### Your assignment
Please return the lines from the one with "BEB-Workwear, Herren-Arbeits-Berufs-Shorts, Inflame" through the end of the listing below, word for word, with every picture left out.

### Dataset excerpt
◇ ◇ ◇ ◇ ◇

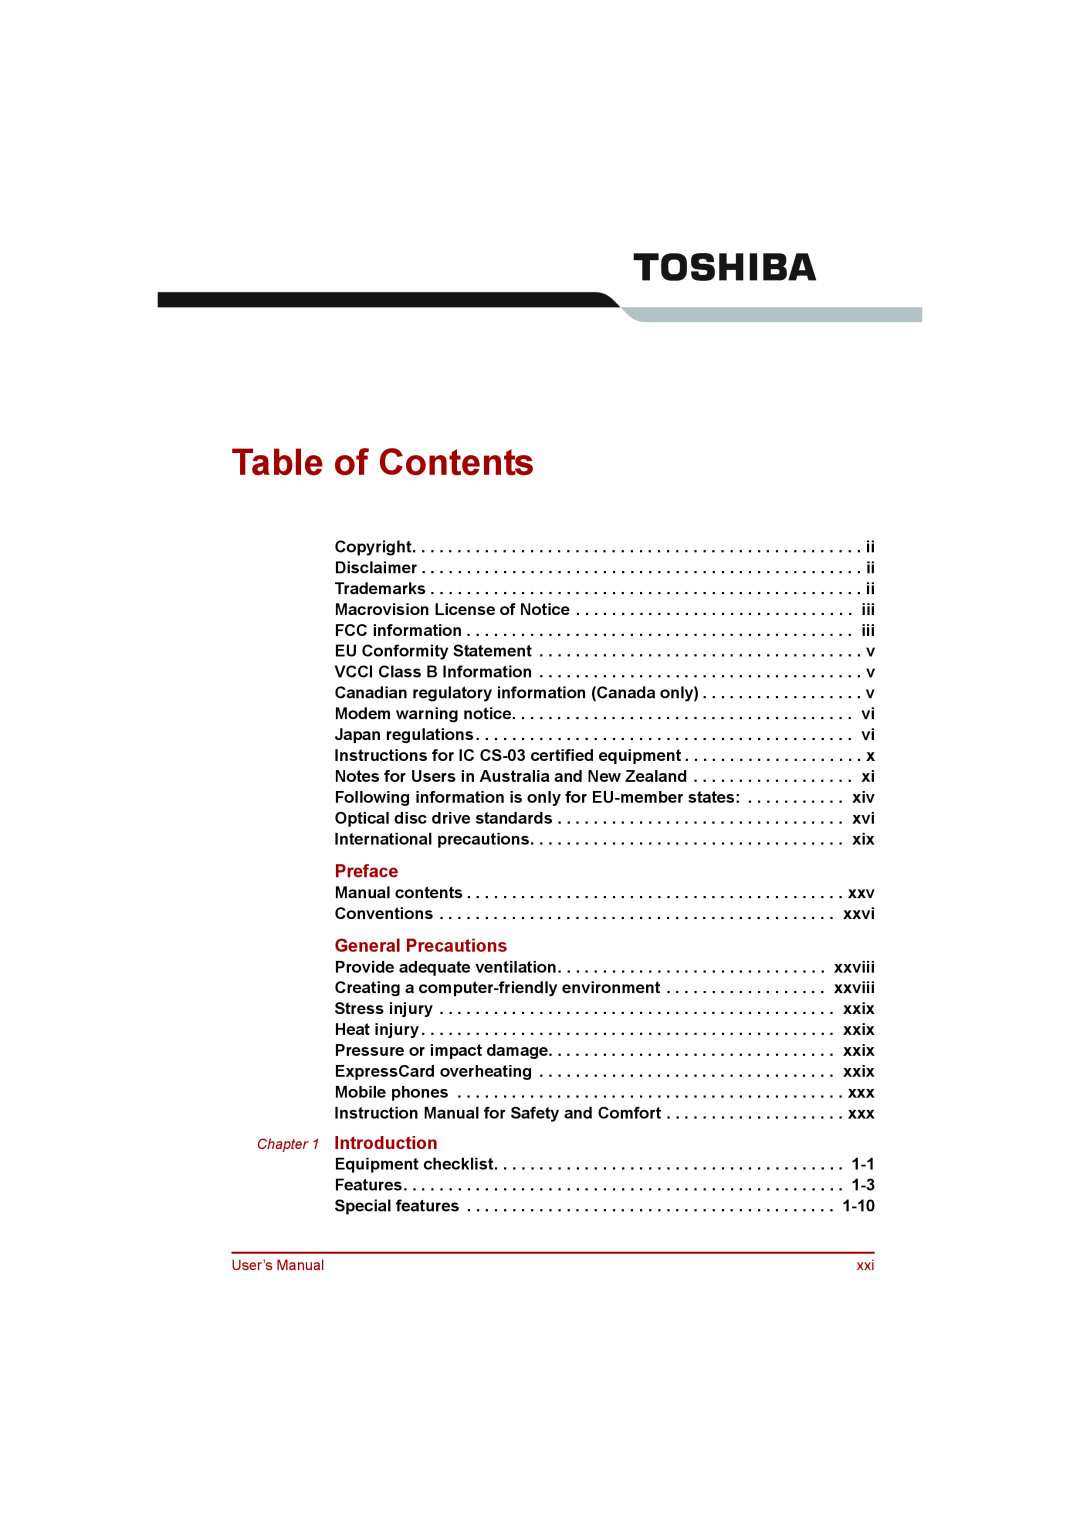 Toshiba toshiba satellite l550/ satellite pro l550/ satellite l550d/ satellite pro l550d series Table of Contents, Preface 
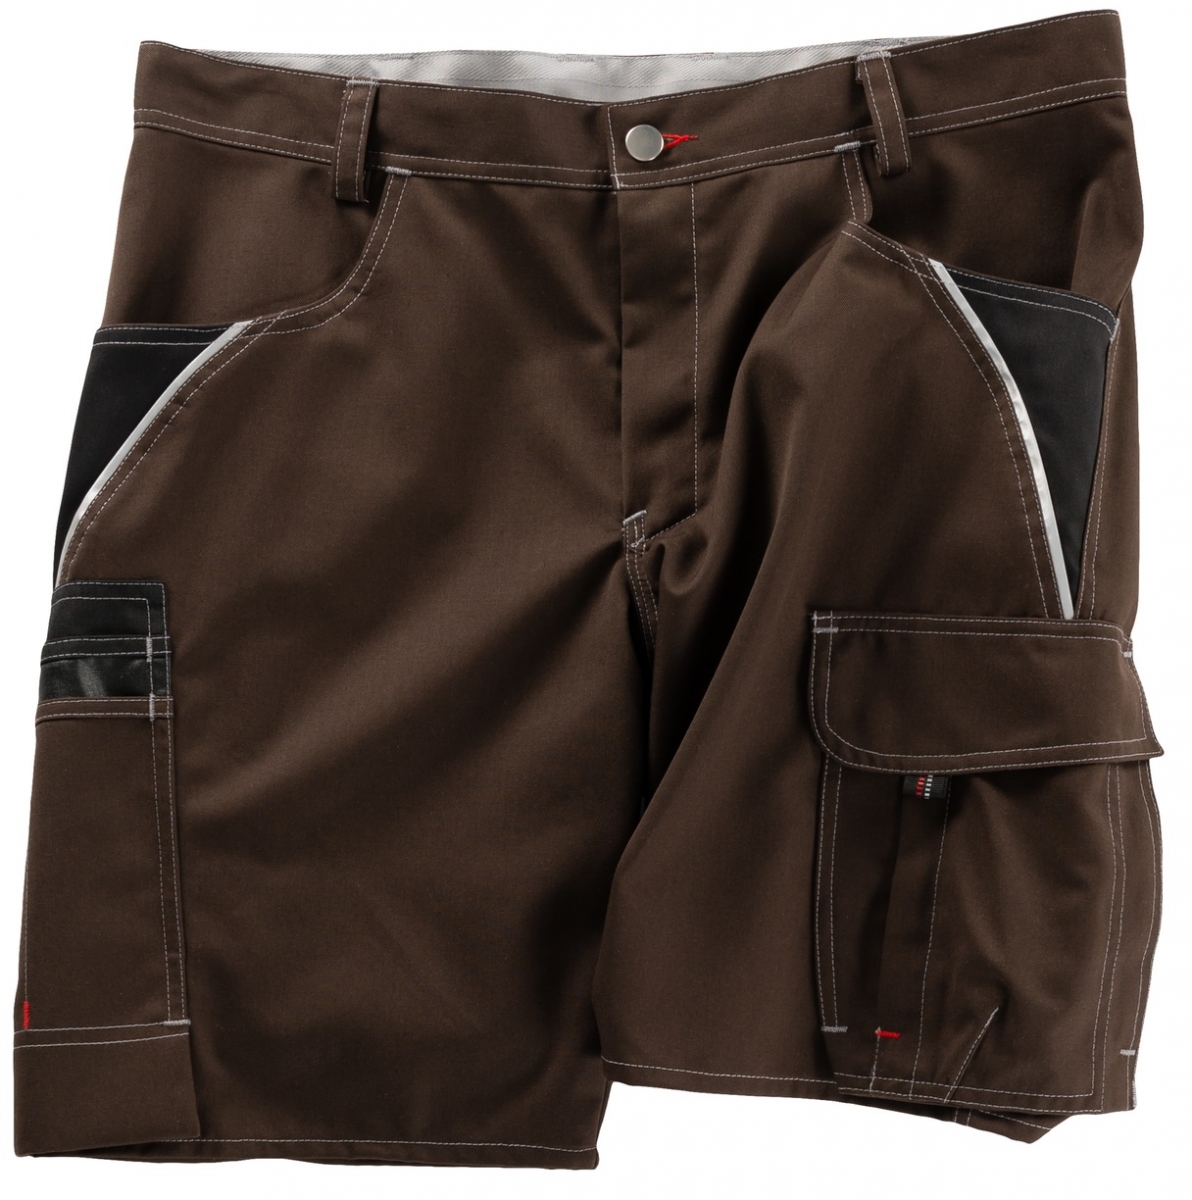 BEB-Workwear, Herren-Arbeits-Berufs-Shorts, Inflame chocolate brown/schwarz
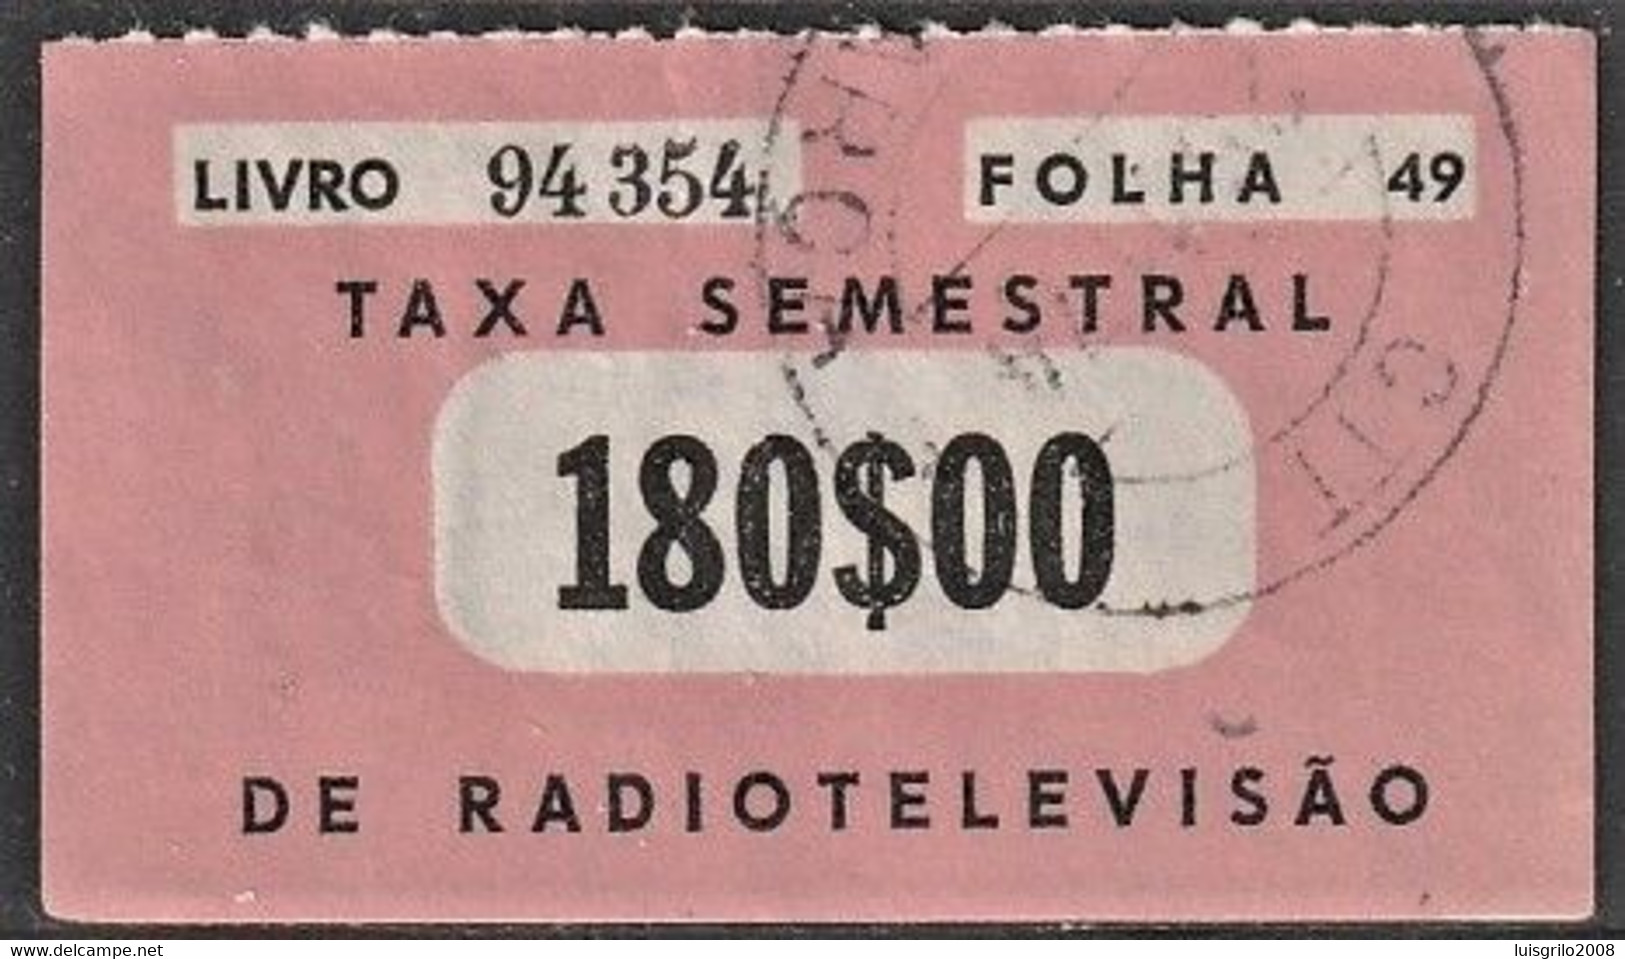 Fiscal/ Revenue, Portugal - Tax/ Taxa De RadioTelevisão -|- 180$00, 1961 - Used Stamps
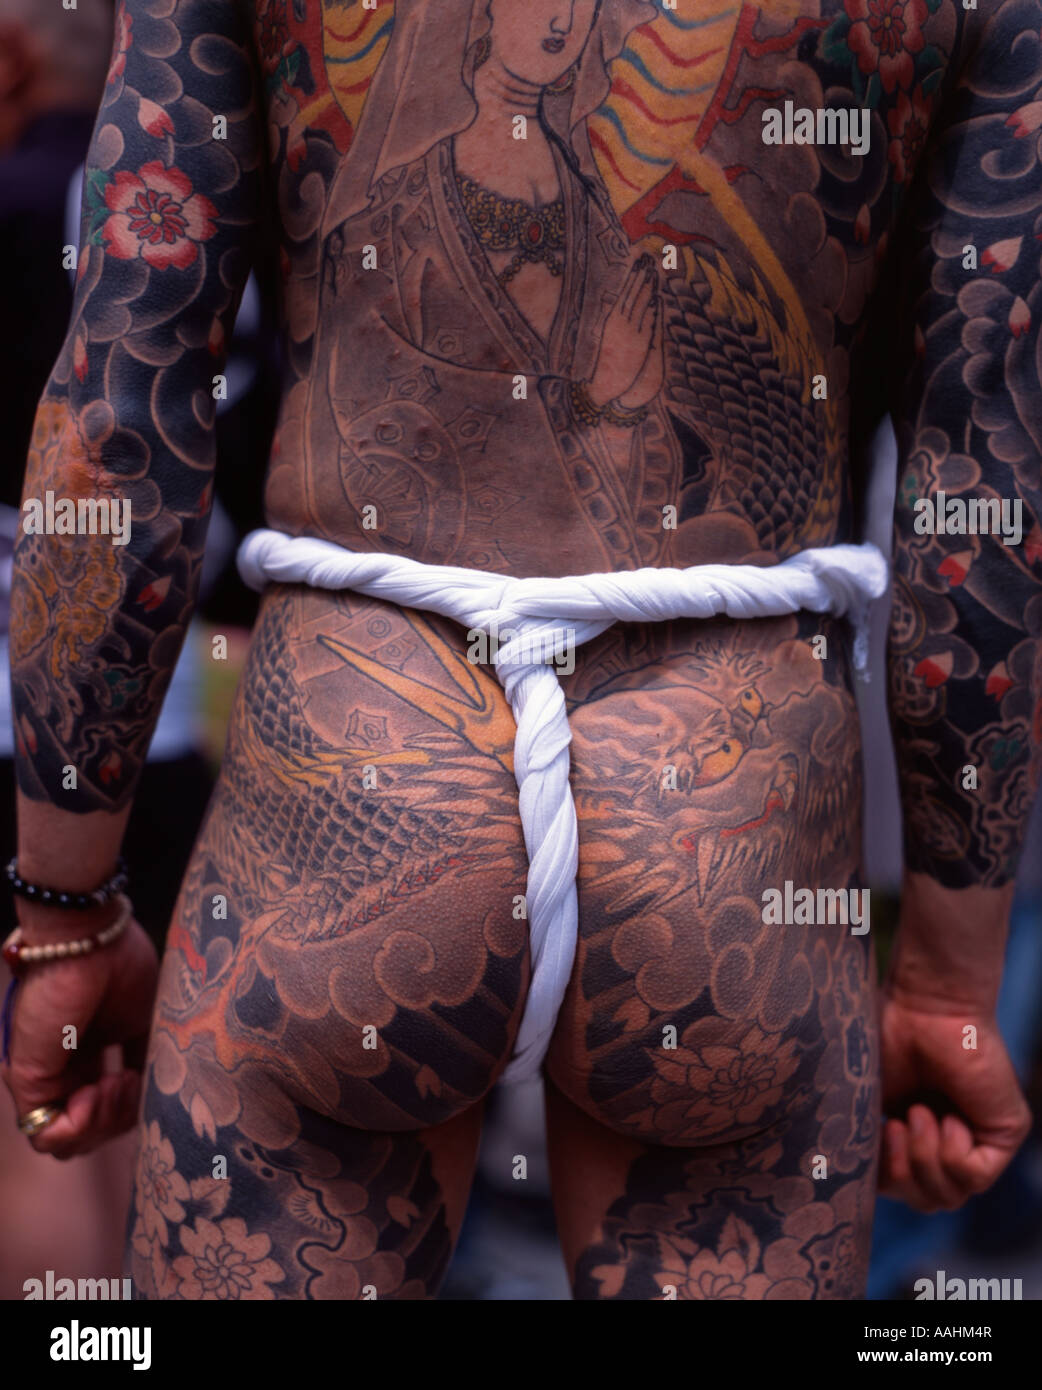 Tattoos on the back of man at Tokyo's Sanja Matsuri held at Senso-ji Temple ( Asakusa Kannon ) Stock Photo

◇ ◇ ◇ ◇ ◇

### Response area
 BEB-Workwear, Herren-Arbeits-Berufs-Shorts, Inflame chocolate brown/schwarz
 Fiscal/ Revenue, Portugal - Tax/ Taxa De RadioTelevisão -|- 180$00, 1961 - Used Stamps
 Tattoos on the back of man at Tokyo's Sanja Matsuri held at Senso-ji Temple ( Asakusa Kannon ) Stock Photo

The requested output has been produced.